After 1 week, 54% of the spesolimab patients had no visible pustules, compared with 6% of placebo patients; the difference was statistically significant (P < .001). The main secondary endpoint was a score of 0 or 1 (clear or almost clear skin) on the GPPGA total score after 1 week. Significantly more spesolimab patients had GPPGA total scores of 0 or 1, compared with placebo patients (43% vs. 11%, respectively; P = .02).

Overall, 6 of 35 spesolimab patients (17%) and 6% of those in the placebo groups developed infections during the first week, and 24 of 51 patients (47%) who had received spesolimab at any point during the study developed infections by week 12. Infections included urinary tract infections (three cases), influenza (three), otitis externa (two), folliculitis (two), upper respiratory tract infection (two), and pustule (two).

In the first week, 6% of spesolimab patients and none of the placebo patients reported serious adverse events; at week 12, 12% of patients who had received at least one spesolimab dose reported a serious adverse event. In addition, antidrug antibodies were identified in 23 (46%) of the 50 patients who received at least one dose of spesolimab.

“Symptoms that were observed in two patients who received spesolimab were reported as a drug reaction with eosinophilia and systemic symptoms (DRESS),” the authors noted. One patient had a RegiSCAR (European Registry of Severe Cutaneous Adverse Reactions) score and the other had a score of 3; a score below 2 indicates no DRESS, and a score of 2 or 3 indicates “possible DRESS,” they added.
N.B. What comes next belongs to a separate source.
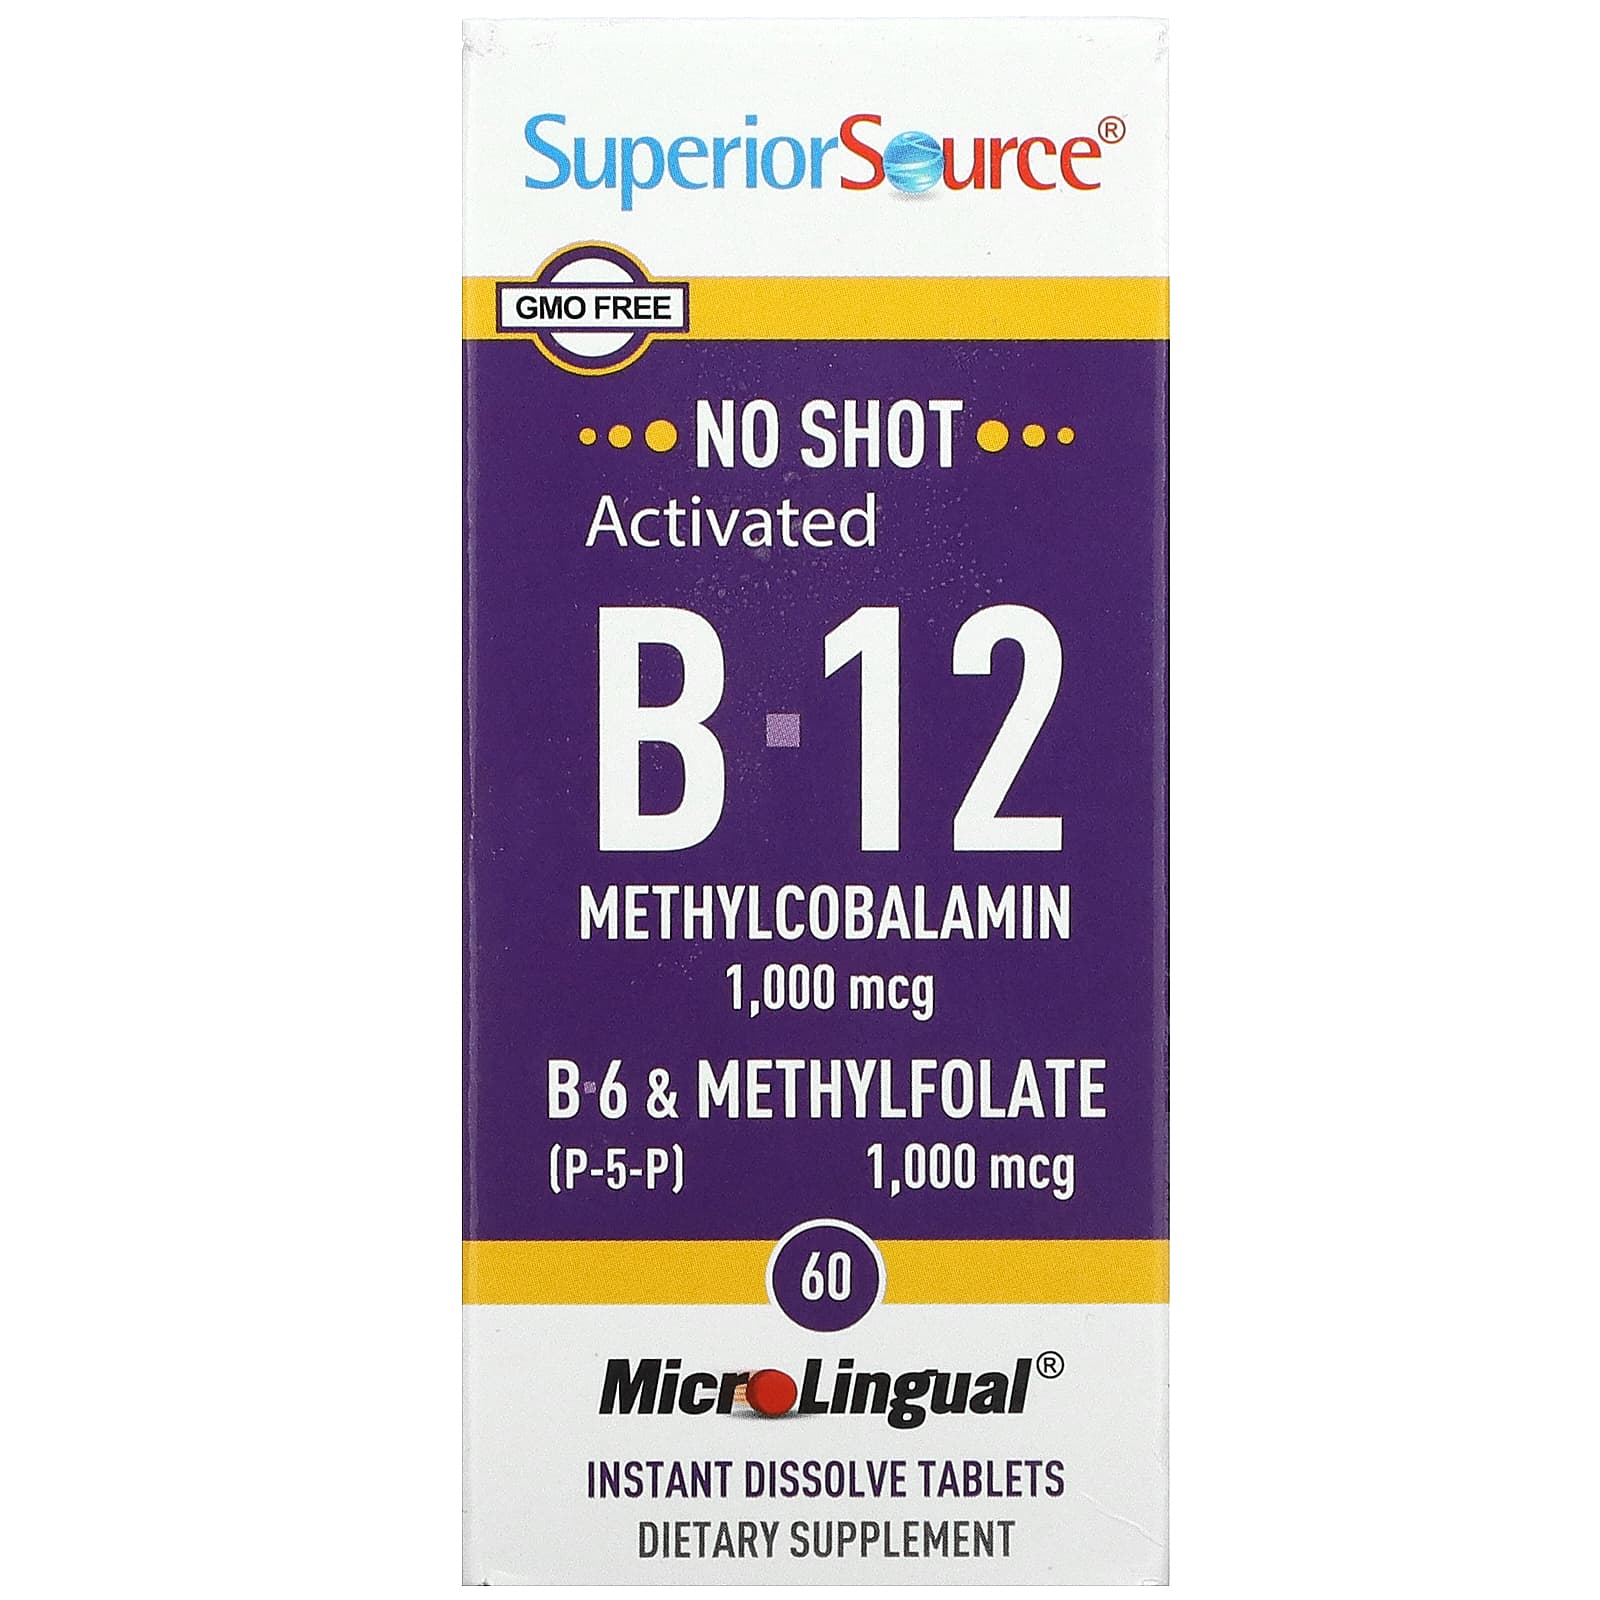 Superior Source Активированный B-12 метилкобаламин B-6 (пиридоксин) и метилфолат 1,000 мкг / 1,000 мкг 60 микролингвальных быстрорастворимых таблеток superior source метилкобаламин b12 5000 мкг 60 микролингвальных таблеток

“Because 15 of the 18 patients who were assigned to the placebo group received open-label spesolimab, the effect of spesolimab as compared with that of placebo could not be determined after week 1,” the researchers noted.

The study findings were limited by several factors including the short randomization period and small study population, the researchers noted. However, the effect sizes for both the primary and secondary endpoints were large, which strengthened the results.

The results support data from previous studies suggesting a role for IL-36 in the pathogenesis of GPP, and support the need for longer and larger studies of the safety and effectiveness of spesolimab for GPP patients, they concluded.

No FDA-approved therapy

“GPP is a very rare but devastating life-threatening disease that presents with the sudden onset of pustules throughout the skin,” Joel Gelfand, MD, professor of dermatology and director of the psoriasis and phototherapy center at the University of Pennsylvania, Philadelphia, said in an interview. “Without rapid treatment, GPP can result in death. Currently there are no [Food and Drug Administration]–approved treatments for this orphan disease.”

Dr. Gelfand said he was surprised by the degree of efficacy and the speed of the patient response to spesolimab, compared with placebo, which he described as “truly remarkable.” Based on the current study results, “spesolimab offers a tremendous step forward for our patients,” he added. 

Looking ahead, Dr. Gelfand noted that “longer-term studies with a comparator, such as a biologic that targets IL-17, would be helpful to more fully understand the safety, efficacy, and role that spesolimab will have in real-world patients.”

On Dec. 15, Boehringer Ingelheim announced that the FDA had granted priority review for spesolimab for treating GPP flares.

The study was supported by Boehringer Ingelheim. Lead author Dr. Bachelez had no financial conflicts to disclose. Several authors are employees of Boehringer Ingelheim. Dr. Gelfand is a consultant for the study sponsor Boehringer Ingelheim and has received research grants from Boehringer Ingelheim to his institution to support an investigator-initiated study. He also disclosed serving as a consultant and receiving research grants from other manufacturers of psoriasis products.